Provided data:
..........

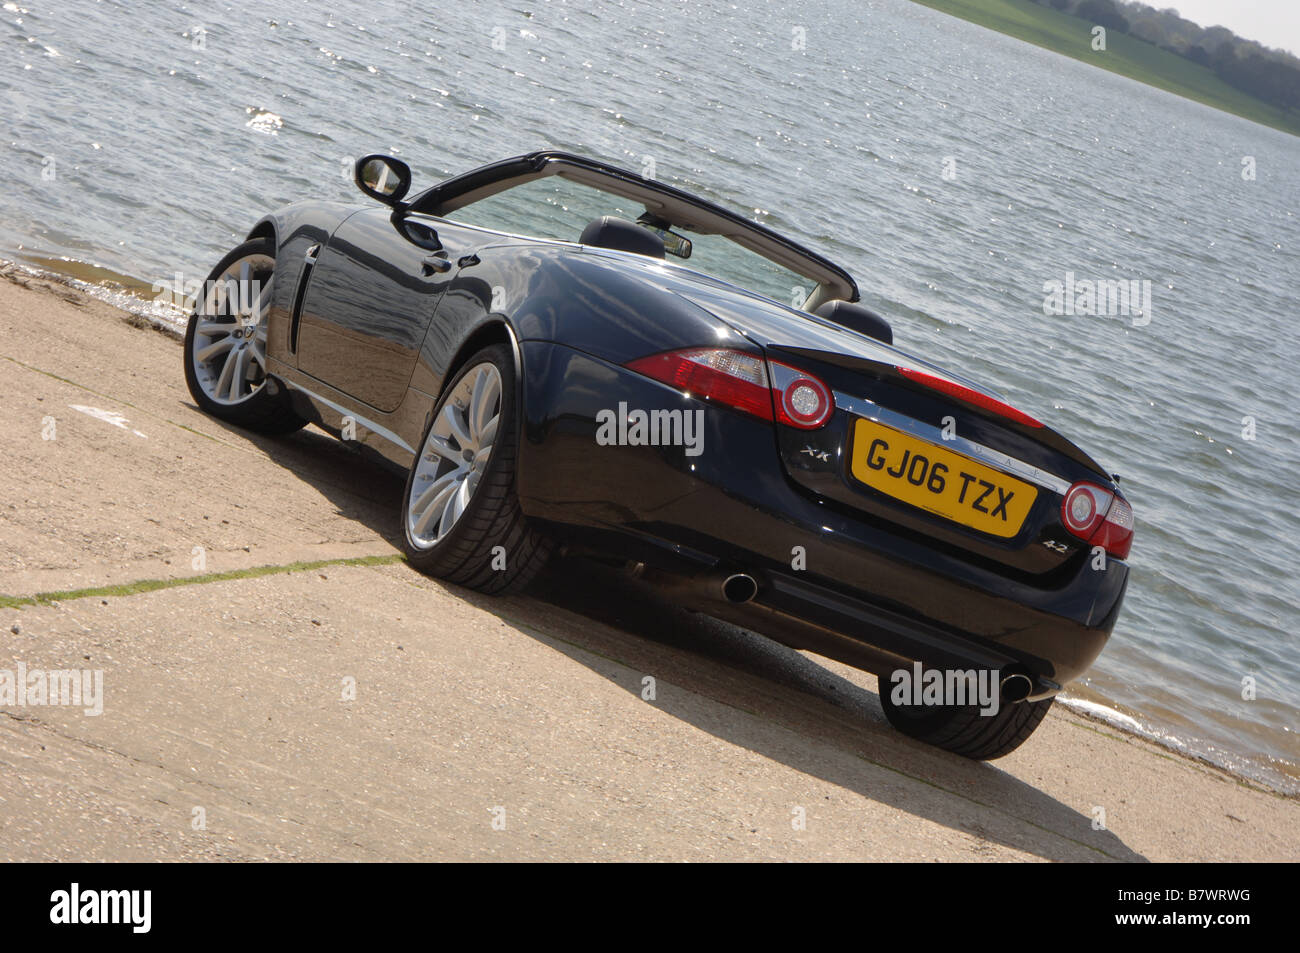 2006 Jaguar XK luxury sports car convertible - Stock Image
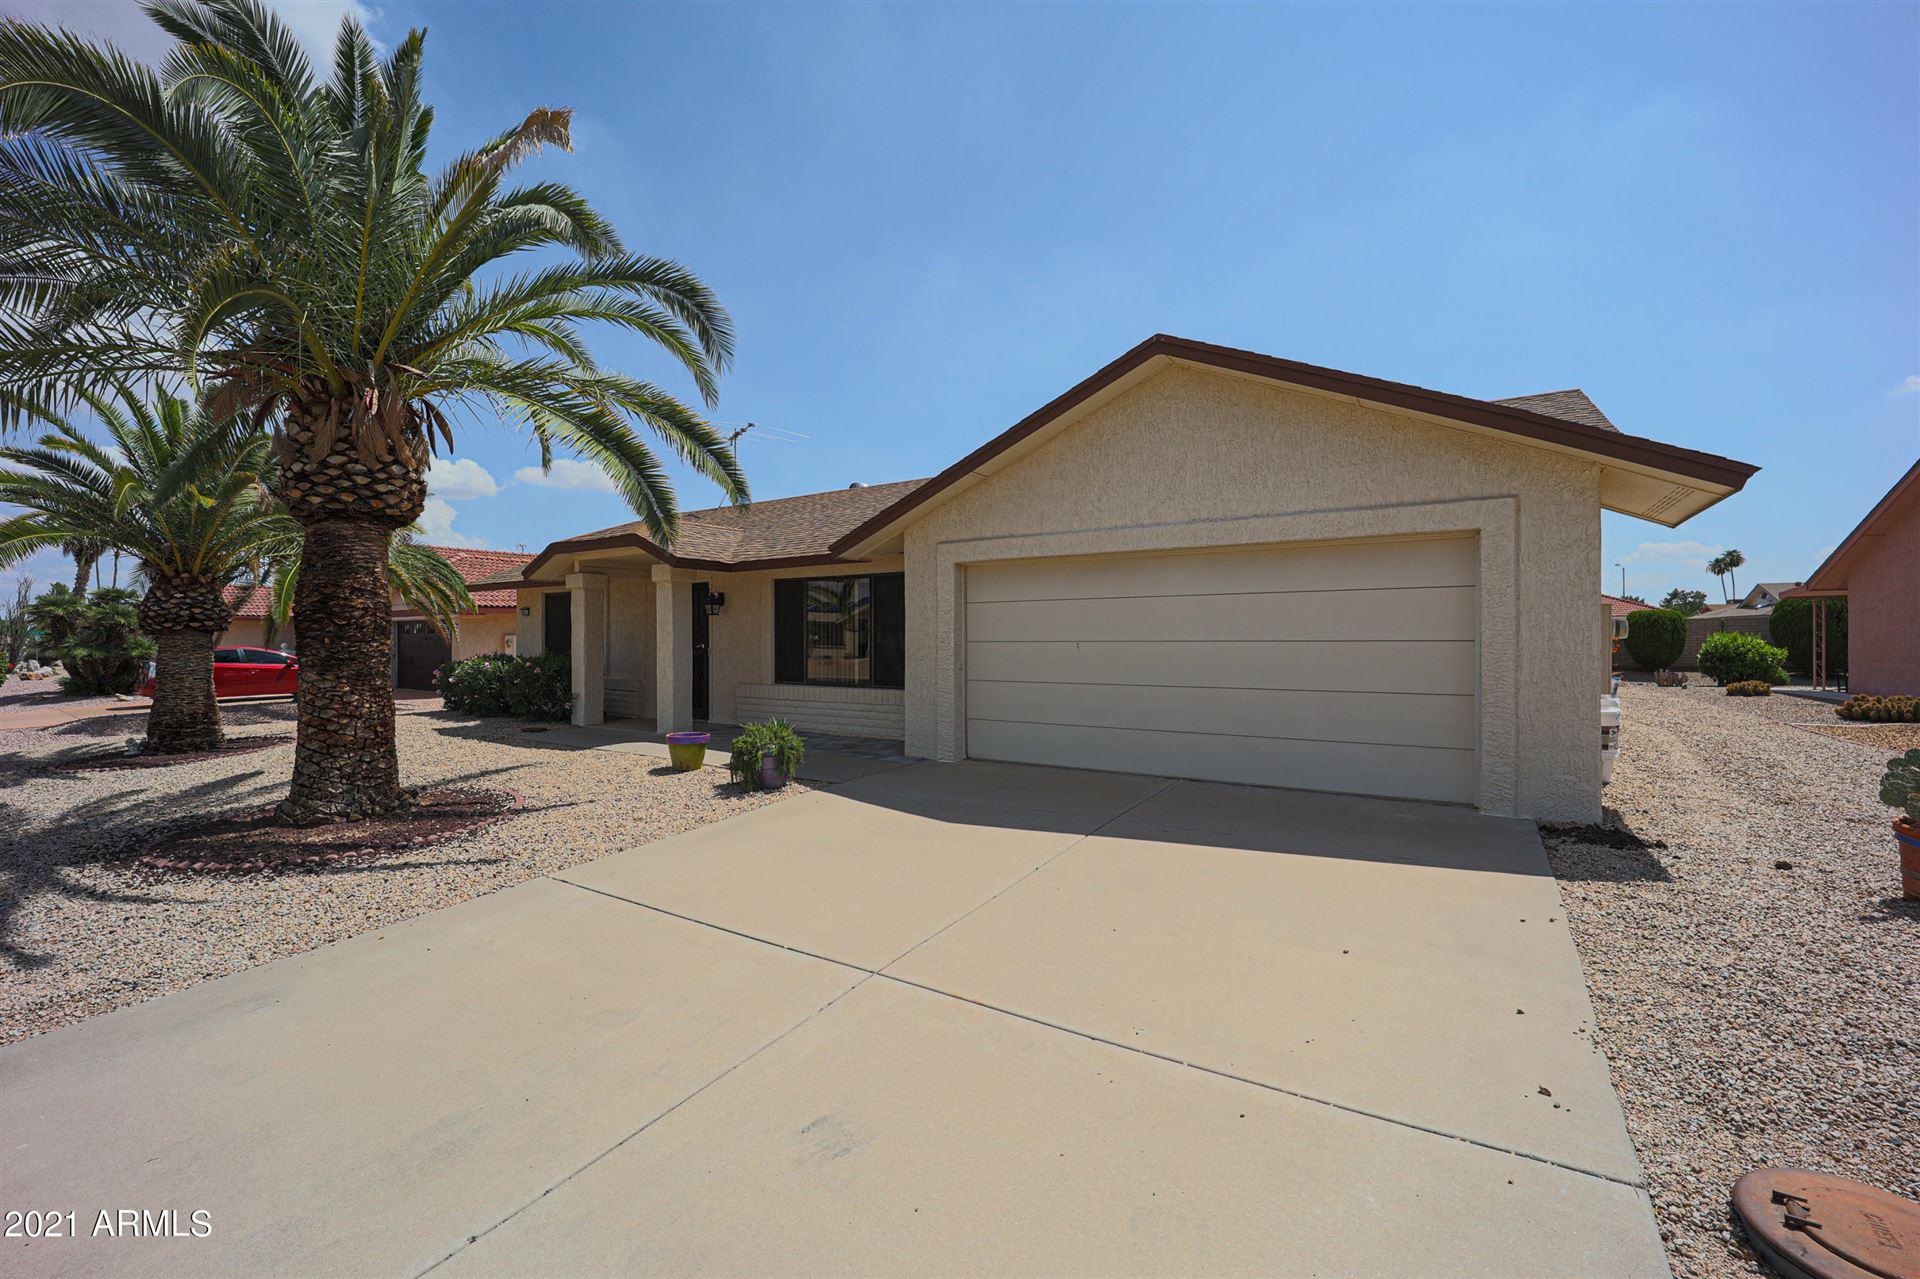 Photo of 14511 W YOSEMITE Drive, Sun City West, AZ 85375 (MLS # 6272488)
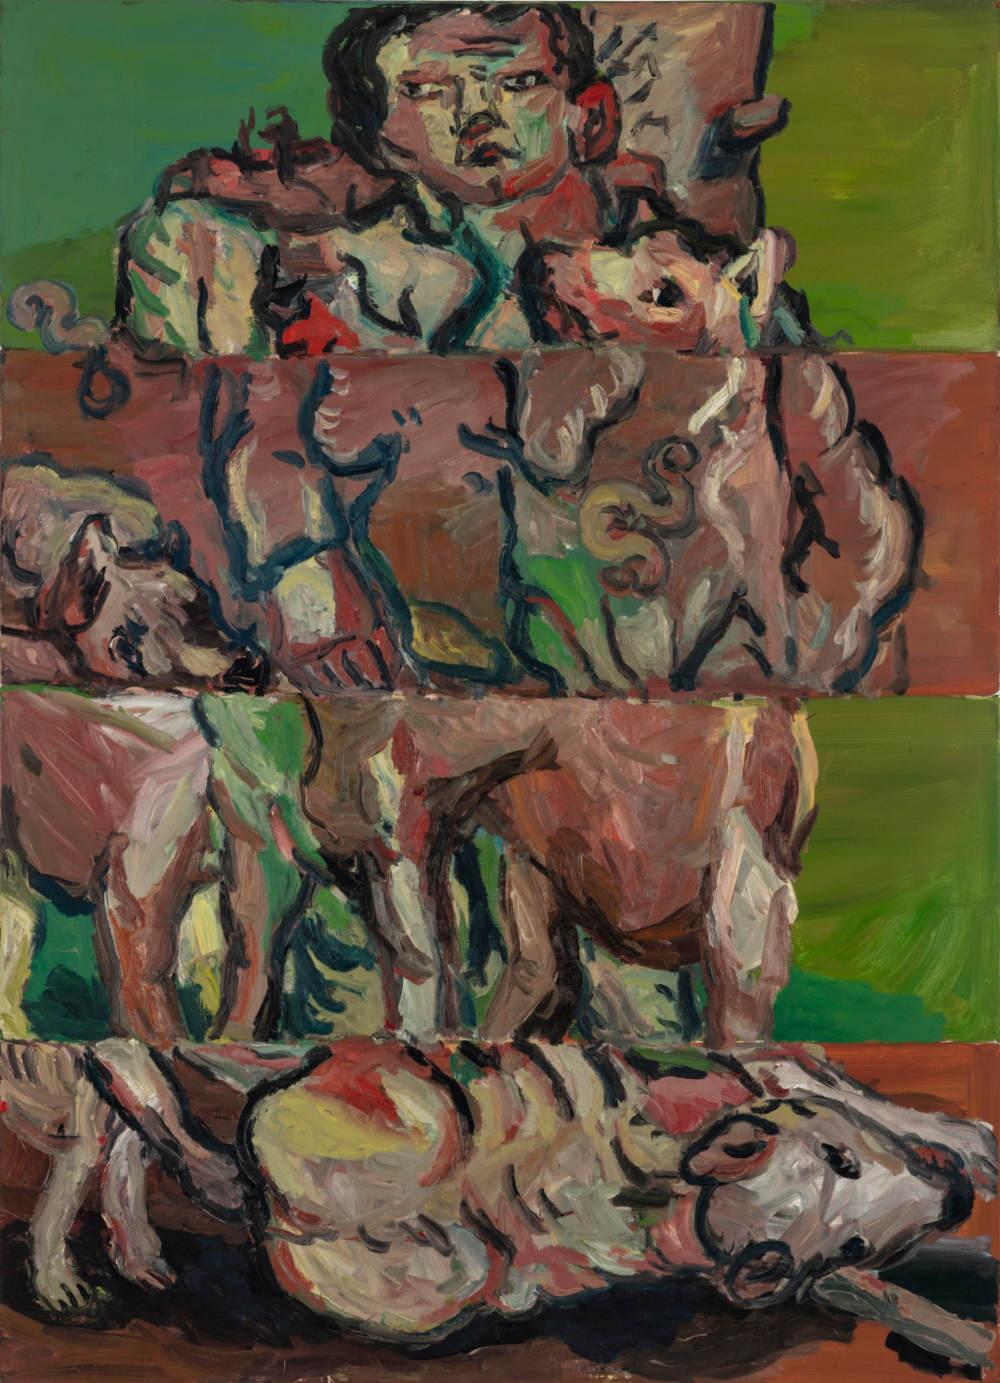 Georg Baselitz, Der Jäger (The Hunter), 1966. Oil on canvas 71 x 51 1/4 inches 180.3 x 130.2 cm

..........

Your assignment:
The material is to be written out word for word, and the pictures are to be left out.

Problem solution:
 2006 Jaguar XK luxury sports car convertible - Stock Image
 Photo of 14511 W YOSEMITE Drive, Sun City West, AZ 85375 (MLS # 6272488)
 Georg Baselitz, Der Jäger (The Hunter), 1966. Oil on canvas 71 x 51 1/4 inches 180.3 x 130.2 cm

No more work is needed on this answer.